I told him if it was too much too hurried, we could wait until after New Years to depart, that his schedule mattered just as much as mine. His shoulders slumped with relief and a huge grin broke across his face. Laborers down here will never offer you their hands, embarrassed of the grease and grime, instead we fist bumped happily. I returned on January 2 to find they had scrubbed it, added more water bottle holders, and all the little acts of love poured into the machine, followed by gift giving and kindness like I can only express in person, I was beyond words.
But of course, tried in every way I could anyway…
Like this blog I wrote when we crash landed here:
https://www.her-odyssey.org/2020/04/26/jorche-de-los-bicis/
Or this 3 min video right before we set out again:
https://youtu.be/1KzTkc0kNcc
On January 3, we set out under full sun across the Central Plateau. Stopping on the south side of Aguascalientes to watch a murmuration of migrating birds in the Nissan Mexico Plant parking lot before taking to some of the dirt roads in the afternoon.
We made it all of about 7 km before the heat of the day and comedown from the adrenaline of getting going again had us stop for ice cream in the shade. We had our first giddy daily check in and decided where we thought we’d make it by sunset. Something felt hopeful and grounding about getting back to known patterns with a safe partner, even in unknown environs.
From there we zoomed out on our first fun descent, dodging free ranging yard dogs (often more rude and aggressive than the actual perros callejeros.) We made the next climb back to a paved road where I realized I had left my backpack at the abarrotes where we had gotten ice cream. Horrified, kicking myself for the novice oversight, frustrated to have to ride back uphill at the end of the day, and fearful of the narrative circulated that people in Mexico are always just looking for a chance to rob you.
Still, amidst my cloud of anxiety, remembered my manners and exchanged greetings with each person coming back from work. With each effort to step out from under my cloud, I saw the dignity of comportment of the campo folks and gained hope that it might still be there. I got back 30 minutes later to find my pack sitting untouched, while young families hung about chatting in the evening sun. Exhausted again from the adrenaline let down, I sat for a moment with a little girl explaining the dollhead I travel with, BabyFace, and let her rub his head for luck, as I do every time a car comes too close for comfort or before riding into a busy city.
The next day, in Bajio de San Jose we got a good round of one of my quick read litmus tests of towns and whether they are safe to stop in: Watch how the animals and children react to us. Fearful, malnourished, means we move along. Curious and healthy indicates a positive community.

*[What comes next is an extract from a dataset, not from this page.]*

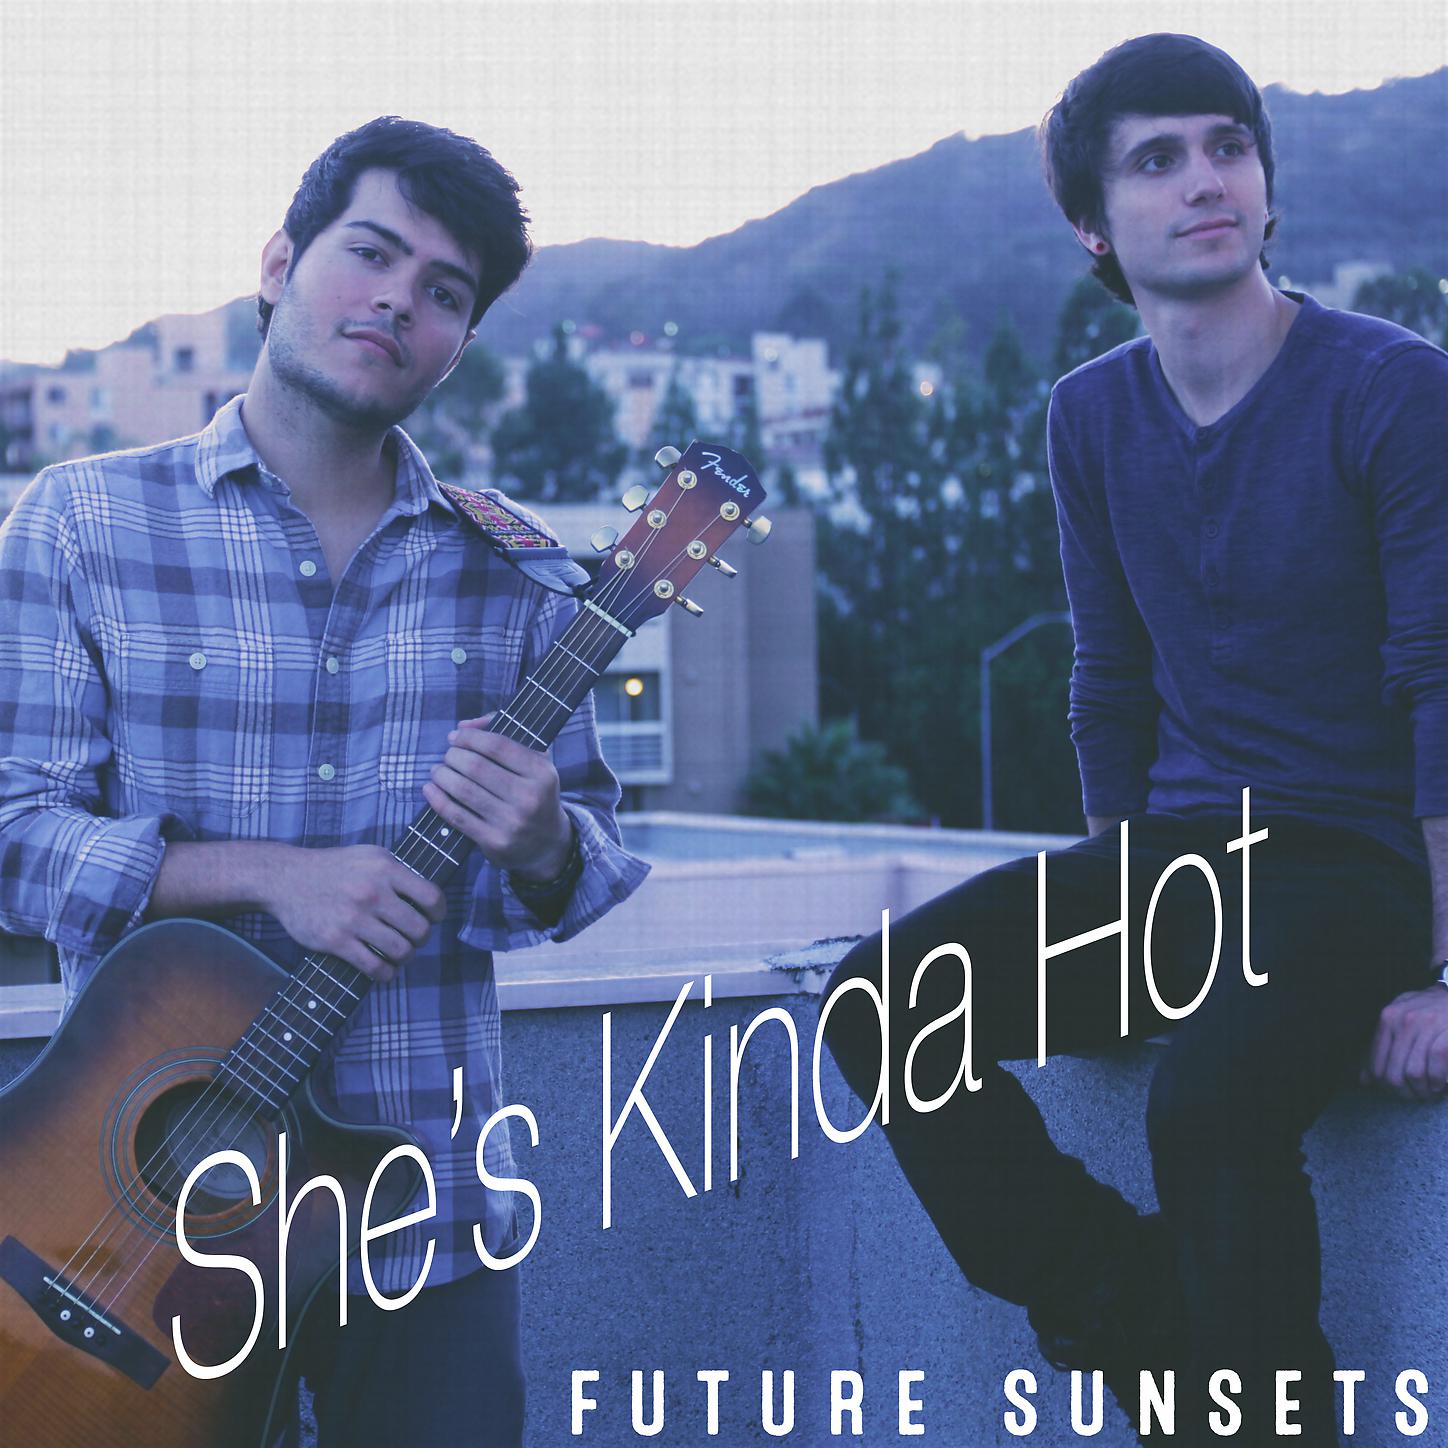 Будущая минусовка. Future Sunsets группа. Future Sunsets. "Future Sunsets" && ( исполнитель | группа | музыка | Music | Band | artist ) && (фото | photo).

In this case, we had been eating lunch of tortas and Fanta on the plaza and a lone black dog walked by, stopped and sat smiling at us for a moment before trotting away. Thing 10,000,013 I love about traveling in Latin America is getting beverages in returnable glass bottles. Between these and my Sawyer Squeeze (partner) I’ve saved the use of hundreds if not thousands of plastic bottles. You can’t always work it all the time but living with that intention in mind changes the way I see things, and that changes the world for me.
A few minutes later, I saw the dog coming back, just grinning, with his lil lady and 3 pups in tow. They stood back, watching hungrily as we ate and when I started to share voluntarily, they came closer. Mama would do these cute butt wiggle dances, papa dug himself a shallow dust pit in the shade and watched, as we finished our meal, we began distributing bites to the whole family. Locals like to laugh that even the street dogs know how to spot a gringo, because they know we have food to spare, and this was a case in point!
Packing up our trash, I had put a hunk of old cheese I had been carrying in it without thinking and as I walked away one of the pups nabbed the cheese bag but I was impressed by his trust and gentleness, letting me come take it from him, pull it out of the bag and break it up among them. As we pedaled south out of town, the whole clan were trotting off to the north.
At the next plaza, stopping for a cold drink, an older gentleman named Peter who worked for the city came over to practice his English and tell of his 17 years working in California. It is a matter of dignity and esteem for them to speak in English. It is polite, in turn, to speak back in English but only to the extent you gauge they understand, otherwise you are causing embarrassment. He would walk away until he remembered another phrase in English then circle back around.
He proudly presented 2 of his grandsons who were also playing on the plaza. A few minutes later they came running back, asking to borrow his pocket knife. They had found a pigeon whose legs were bound up in twine and they wanted to save it. I was able to loan them my Gerber Suspension-NXT (partner) and Peter excused himself to step aside where the three of them worked the bird free before the boys’ mother came to round them up. I asked the family if I could take this picture and as the boys ran off, the younger one squealing to his big brother, “vas a ser FAMOSO!”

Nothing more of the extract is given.